Isolation of Diverse Phosphate- and Zinc-Solubilizing Microorganisms from Different Environments

Abstract

This study addresses the challenge of finding novel ways to solubilize phosphorus and zinc for agricultural purposes. The aim was to isolate PSMs (phosphorous-solubilizing microbes) and ZnSMs (zinc-solubilizing microbes) from different environments (e.g., soil amendments, land uses, and crop rotation systems) and evaluate their ability to solubilize different insoluble P sources (e.g., β-tricalcium phosphate (β-TCP), calcium-phytate (CaP), and rock phosphate (RP)) and Zn sources (e.g., zinc carbonate (ZnC), zinc oxide (ZnO), and zinc phosphate (ZnP)). Here, 25 isolates capable of solubilizing either P or Zn sources were isolated and classified by species using 16S rRNA and ITS-region sequencing.

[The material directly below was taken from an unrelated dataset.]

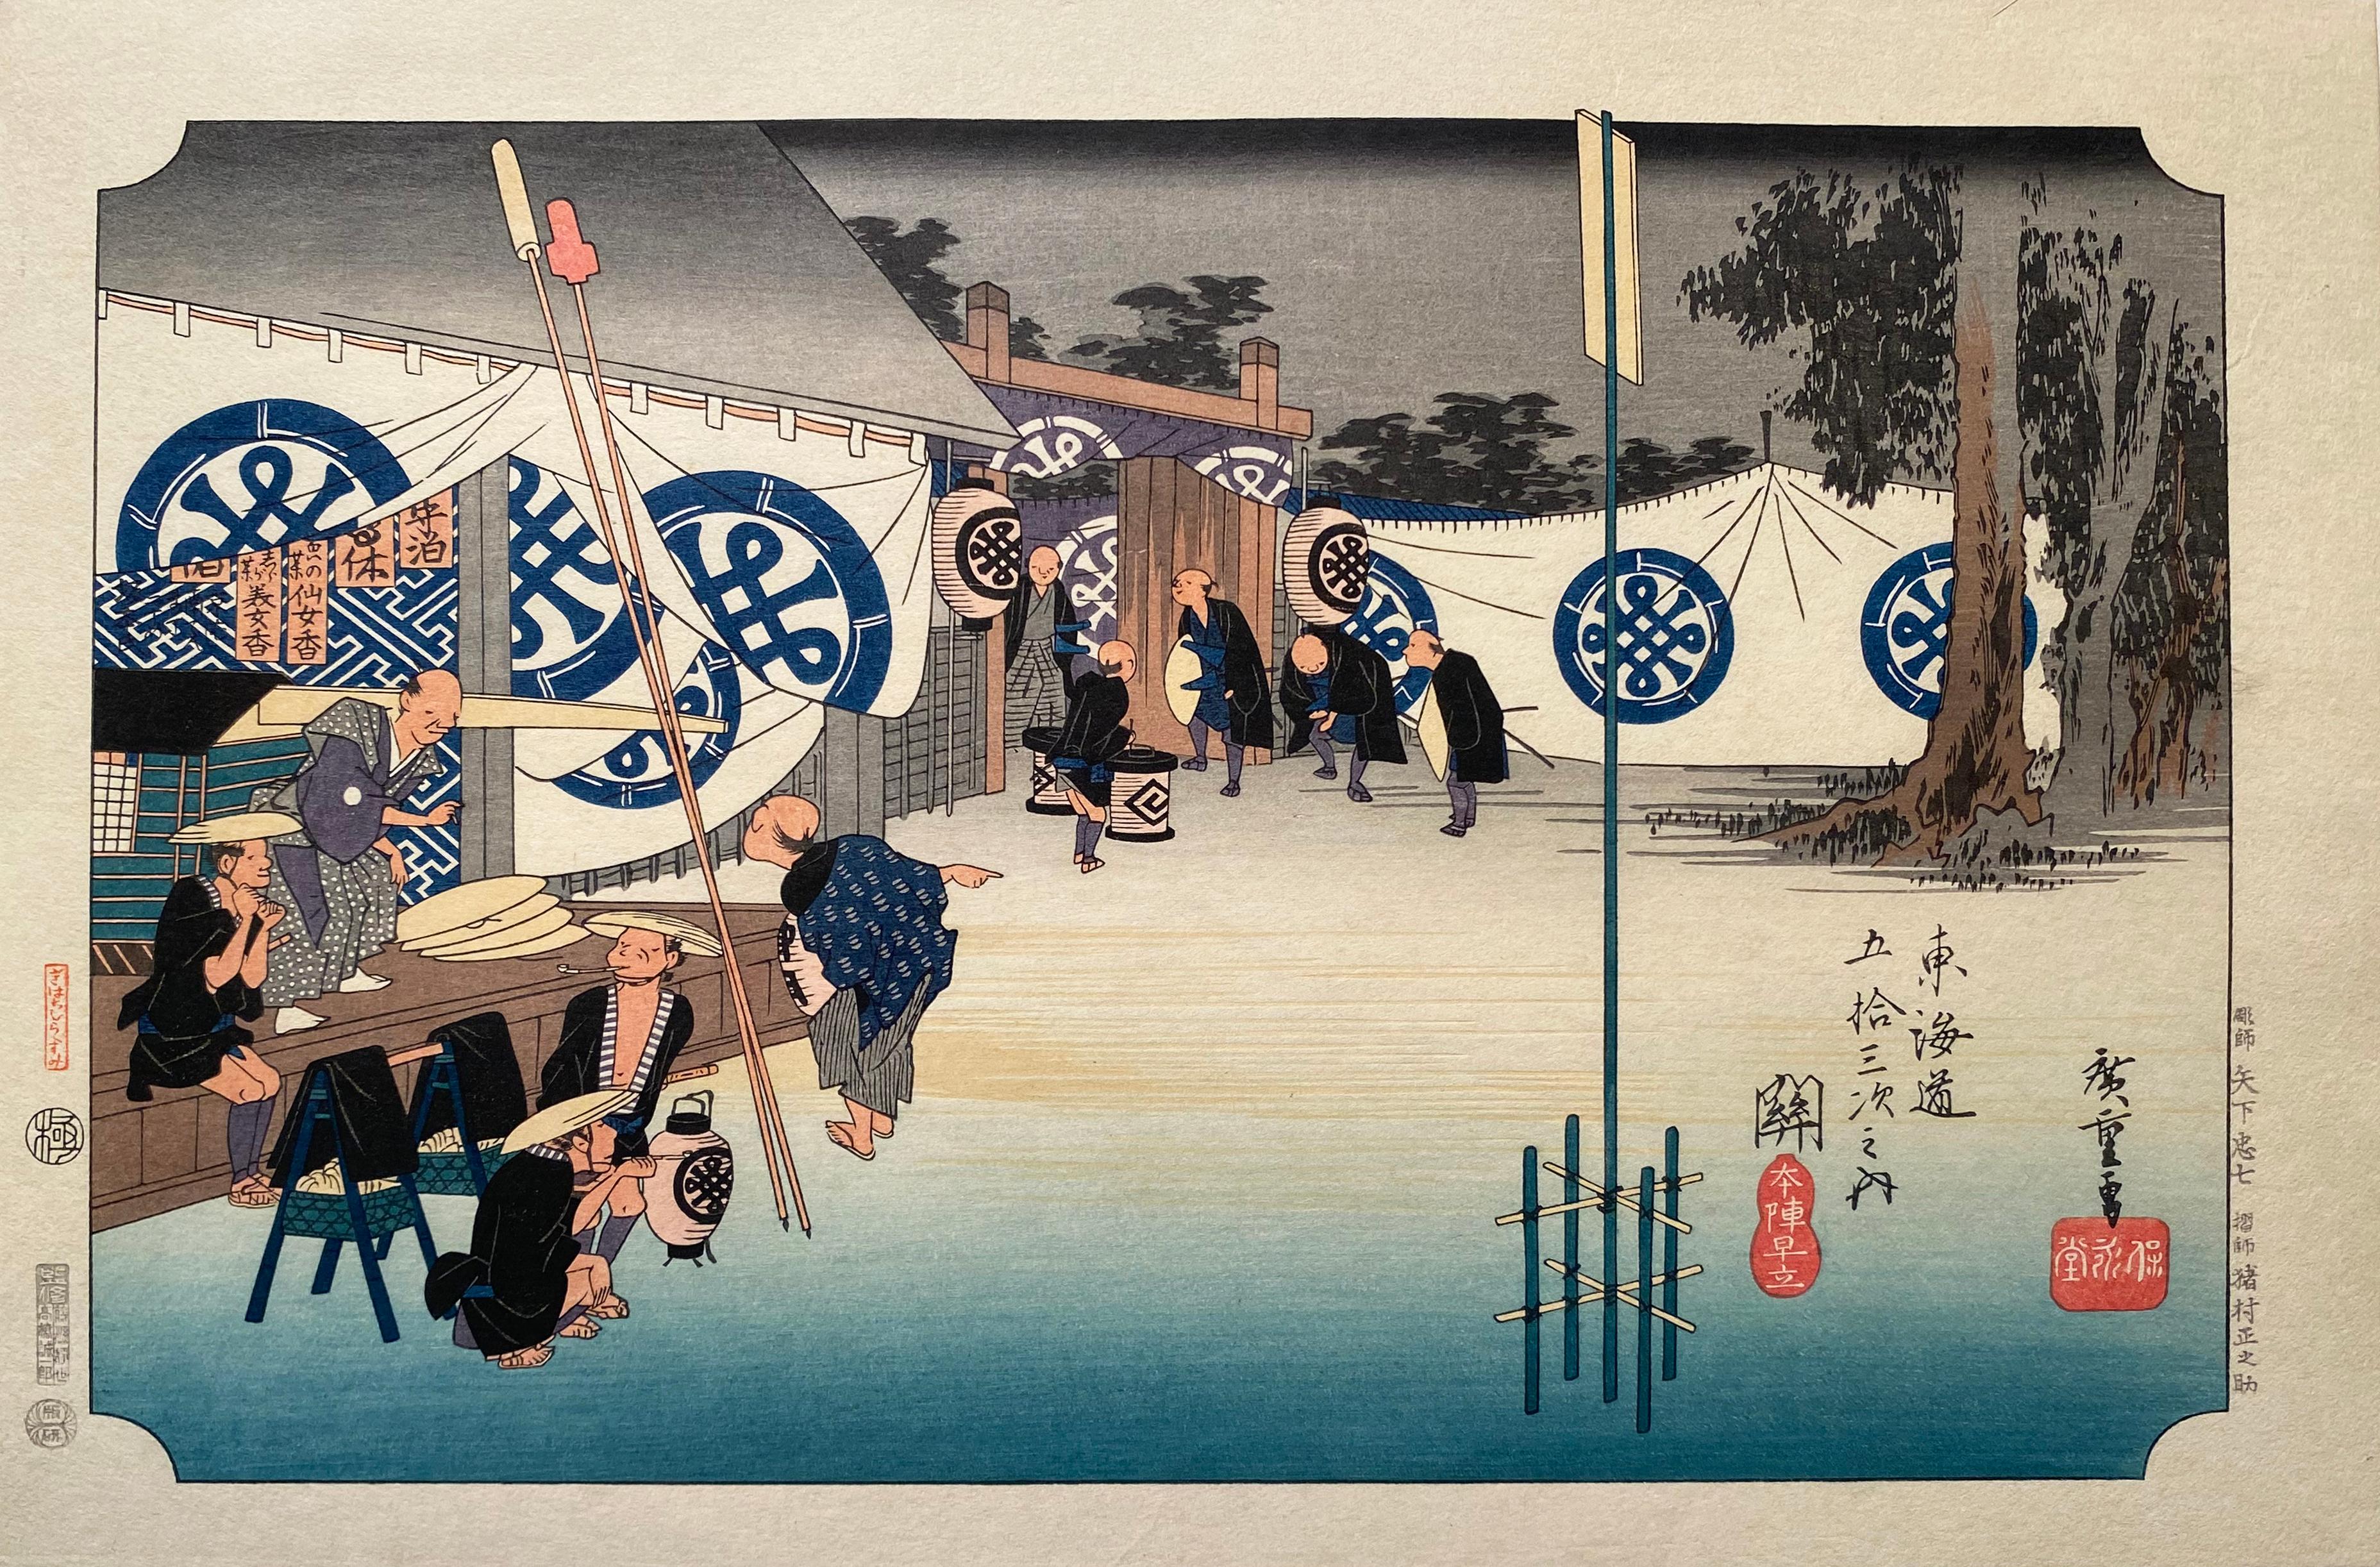 Utagawa Hiroshige (Ando Hiroshige) Landscape Print - 'View of Seki', After Utagawa Hiroshige 歌川廣重, Ukiyo-e Woodblock, Tokaido

Notably, Aspergillus awamori, Fusarium circinatum, Fusarium longifundum, and Mucor circinelloides, isolated from cultivated soils and soil amendments, emerged as the most efficient PSMs and ZnSMs. Mucor circinelloides exhibited the highest solubilization ability for broths containing β-TCP, CaP, RP, ZnO, and ZnP, with log2-fold changes of 3.7, 1.8, 8.9, 7.8, and 2.4, respectively, compared to the control. For ZnC and ZnO, Aspergillus awamori displayed the highest Zn solubilization, with a 2.1 and 3.0 log2-fold change. The study highlights the potential of these strains as biofertilizers and underscores the role of Mucor and Fusarium genera in zinc solubilization.